Here’s a card that doesn’t get much attention but is actually excellent for local spending. You earn 3.2 air miles whenever you spend on restaurant dining, petrol, public transport (including Grab and taxi) and hotel bookings at Agoda. And that’s just local spending.

When you are overseas, you’ll earn two miles for every dollar spent on air tickets, travel packages and foreign currency transactions. This last category includes foreign currency spending online, which you don’t need to go overseas to indulge in.

The earn rate for overseas spending is so-so, but the card offers one of the best rates for local spending.

The main drawback? You need to spend at least $300 in a calendar month in order to qualify for the miles. That’s a bummer considering most air miles cards don’t have minimum spending requirements.

The card’s annual fee is $180, but waived for three years instead of the usual one year. If you spend at least $18,000 in a year you can get subsequent annual fee payments waived.

9. UOB PRVI Miles Card

This card offers one of the best rates for general overseas and local spending, at 2.4 miles per $1 spent overseas and 1.4 miles per $1 spend locally. You also get 6 miles per $1 spent on Agoda, Expedia and UOB Travel, as well as 1.4 miles per $1 spend on bus and train rides. All this, with no minimum spend and no cap on the miles you earn.

For specific categories like dining and hotel bookings, you can get better rates from some other cards that offer selected accelerated earning. But as far as general spending goes, the UOB PRVI Miles Card delivers.

This card is a good one to use if you’re anticipating a big expense like a wedding banquet, as the 1.4 mile per $1 rate is among the highest you’ll be able to get on such miscellaneous local spending, with no cap.

Up to Aug 31, 2023, UOB is also rewarding you with up to 50,000 miles for spending at least $1,000/month for two consecutive months and paying the annual card fee of $240 (before GST). It’s a pretty steep spending/payment requirement, but also a pretty generous bonus mile reward. If you get the annual credit card fee waived, you can still get up to 30,000 miles with the same spending requirements.

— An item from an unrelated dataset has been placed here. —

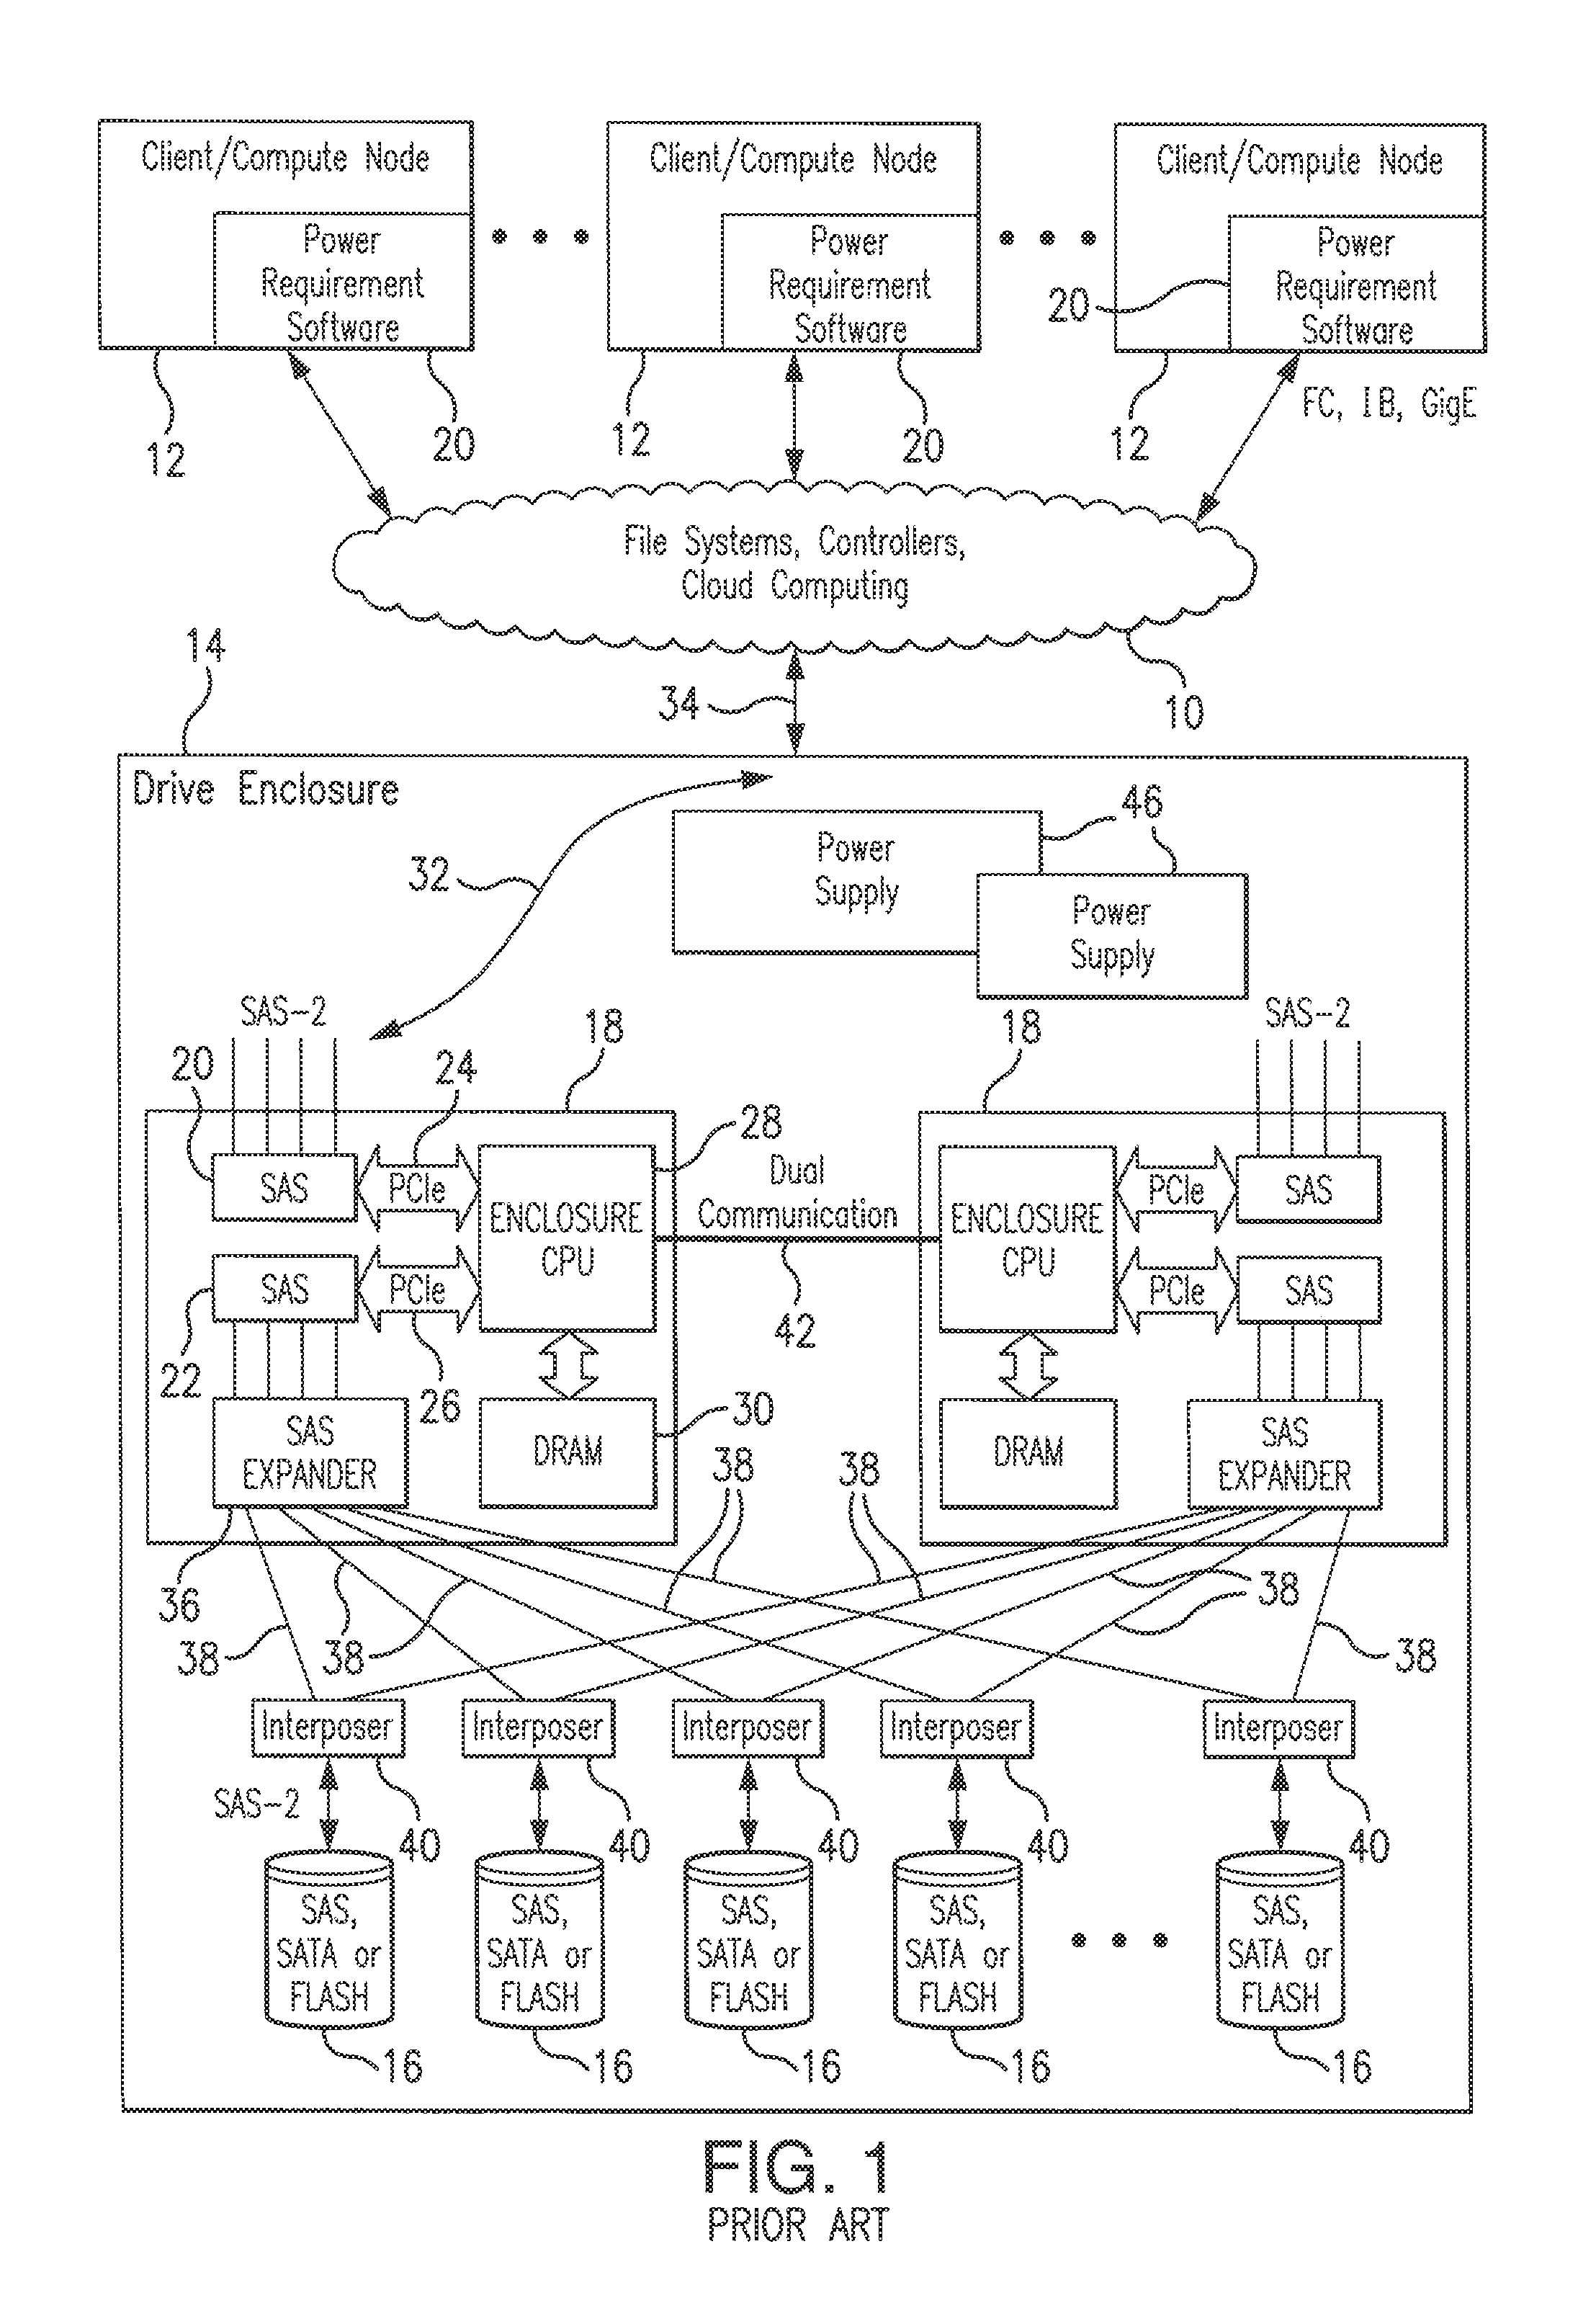 Data storage system and method for monitoring and controlling the power budget in a drive enclosure housing data storage devices

10. Standard Chartered Journey Credit Card

If you spend regularly on transport and food online, the Standard Chartered Journey Credit Card might be the miles card for you. An entry-level credit card, it offers a high earn rate of 3 miles per S$1 on online transactions for transportation, food delivery and online grocery merchants. This is capped at 3,000 miles, which means you max out the bonus rate at S$1,000.

The SC Journey Credit Card also offers decent earn rates of 2 miles per S$1 foreign spend and 1.2 miles per S$1 local spend, which is comparable to most other air miles cards on this list. All earnings come in the form of 360 Rewards Points, which never expire and can be redeemed for miles, cash rewards, or shopping vouchers.

On top of the card’s promised complimentary travel insurance and 2 complimentary visits to Priority Pass lounges each year, Standard Chartered is also dangling some limited-time carrots to tempt you into getting their miles card. This year, you get to enjoy a S$0 foreign transaction fee for overseas spend made and posted in June-July 2023 and November-December 2023.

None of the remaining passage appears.